An observer to my marriage would think I have made no effort to be a good or better wife. Or, seeing me that night, that I must have set out to be this way and achieved it after years of concentrated effort. They could not tell that for most of my adult life and all of my marriage I have been trying to become the opposite of myself.

* * *

The next morning I told Patrick I was sorry for all of it. He had made coffee and carried it out to the living room but hadn't touched it when I came into the room. He was sitting at one end of the sofa. I sat down and folded my legs underneath me. Facing him, the posture felt beseeching and I put one foot back on the floor.

"I don't mean to be like this." I made myself put my hand on his. It was the first time I had touched him on purpose in five months. "Patrick, honestly, I can't help it."

"And yet somehow you manage to be so nice to your sister." He shook my hand off and said he was going out to buy a newspaper. He didn't come back for five hours.

I am still forty. It is the end of winter, 2018, no longer the year of the Negroni. Patrick left two days after the party.


MY FATHER IS a poet called Fergus Russell. His first poem was published in The New Yorker when he was nineteen. It was about a bird, the dying variety. After it came out, someone called him a male Sylvia Plath. He got a notable advance on his first anthology. My mother, who was his girlfriend then, is purported to have said, "Do we need a male Sylvia Plath?" She denies it but it is in the family script. No one gets to revise it after it is written. It was also the last poem my father ever published. He says she hexed him. She denies that too. The anthology remains forthcoming. I don't know what happened to the money.

My mother is the sculptor Celia Barry. She makes birds, the menacing, oversized variety, out of repurposed materials. Rake heads, appliance motors, things from the house. Once, at one of her shows, Patrick said, "I honestly think your mother has never met extant physical matter she couldn't repurpose." He was not being unkind. Very little in my parents' home functions according to its original remit.

Growing up, whenever my sister and I overheard her say to someone "I am a sculptor," Ingrid would mouth the line from that Elton John song. I would start laughing and she would keep going with her eyes closed and her fists pressed against her chest until I had to leave the room. It has never stopped being funny.

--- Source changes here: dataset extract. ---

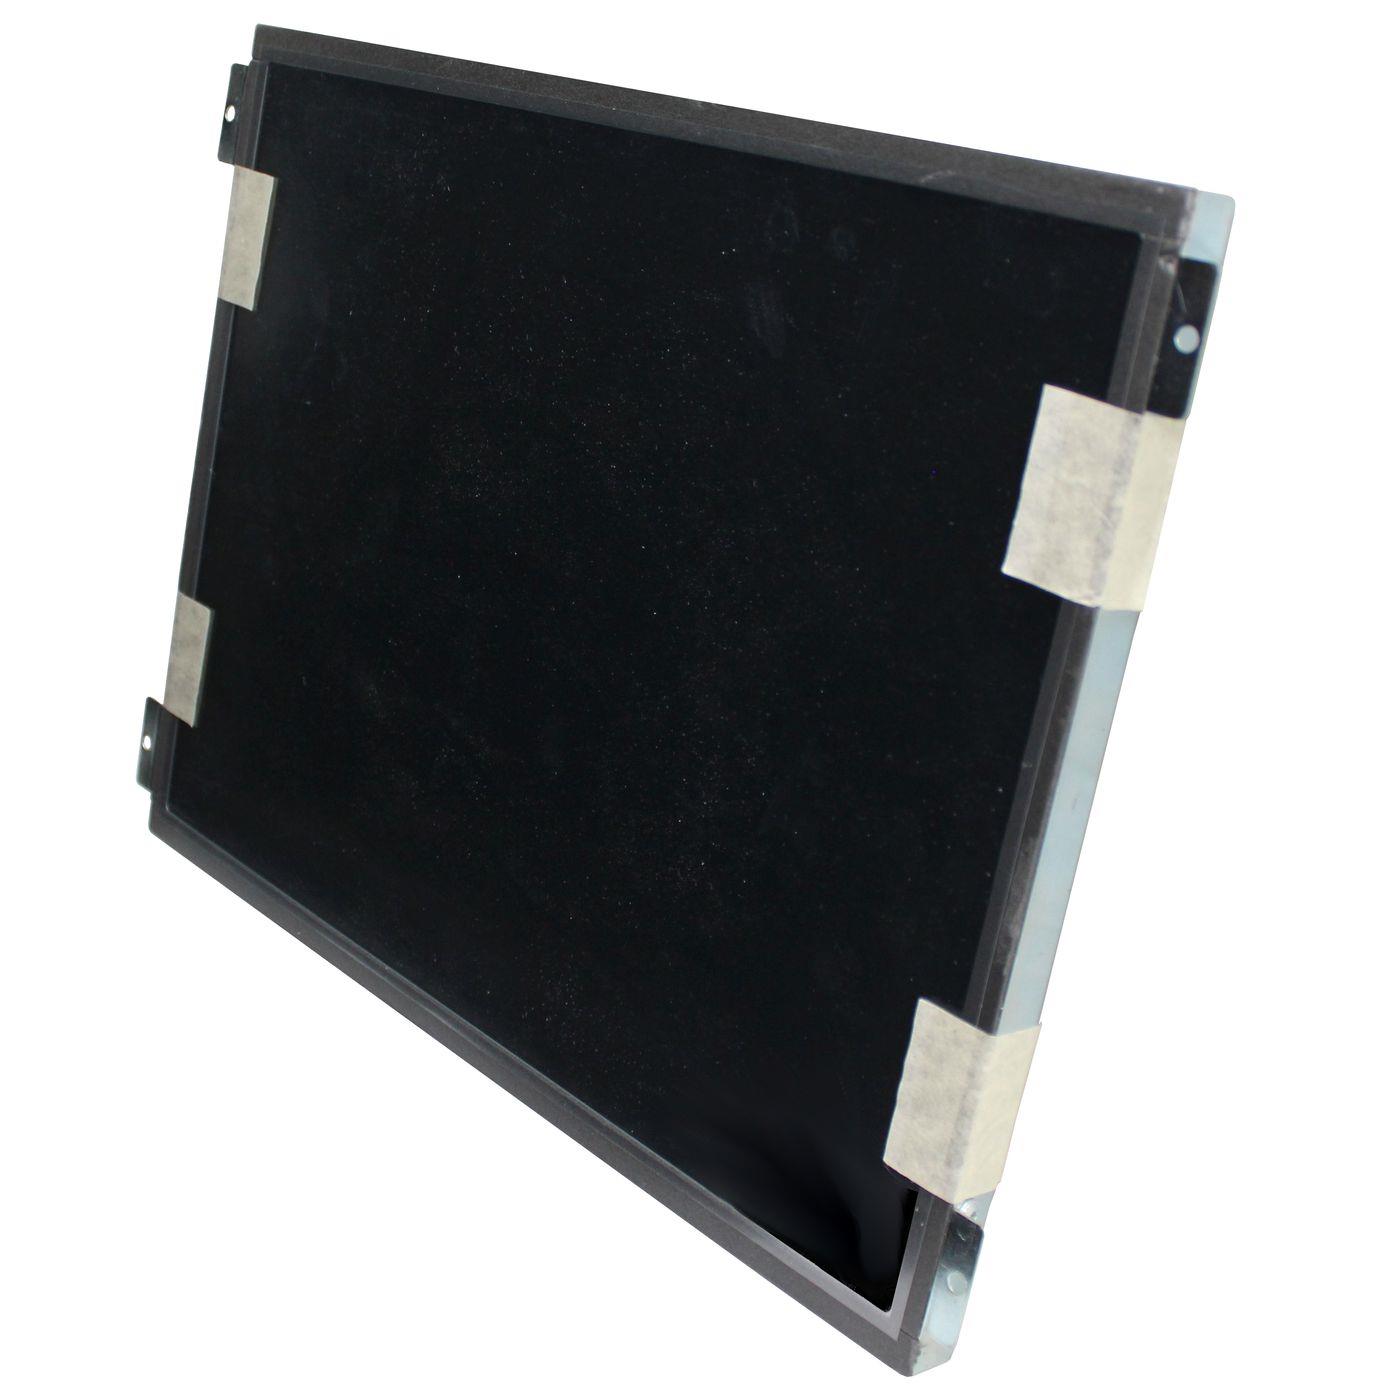 LCD Display BCM Compact Module SCM15X08-R 12V 15V

According to The Times my mother is minorly important. Patrick and I were at the house helping my father rearrange his study the day the notice appeared. She read it aloud to the three of us, laughing unhappily at the minorly bit. Afterwards my father said he'd take any degree of importance at this stage. "And they've given you a definite article. The sculptor Celia Barry. Spare a thought for we the indefinites."

* * *

Sometimes Ingrid gets one of her children to ring and talk to me on the phone because, she says, she wants them to have a very close relationship with me, and also it gets them off her balls for literally five seconds. Once, her eldest son called and told me there was a fat lady at the post office and his favorite cheese is the one that comes in the bag and is sort of whitish. Ingrid texted me later and said, "He means cheddar."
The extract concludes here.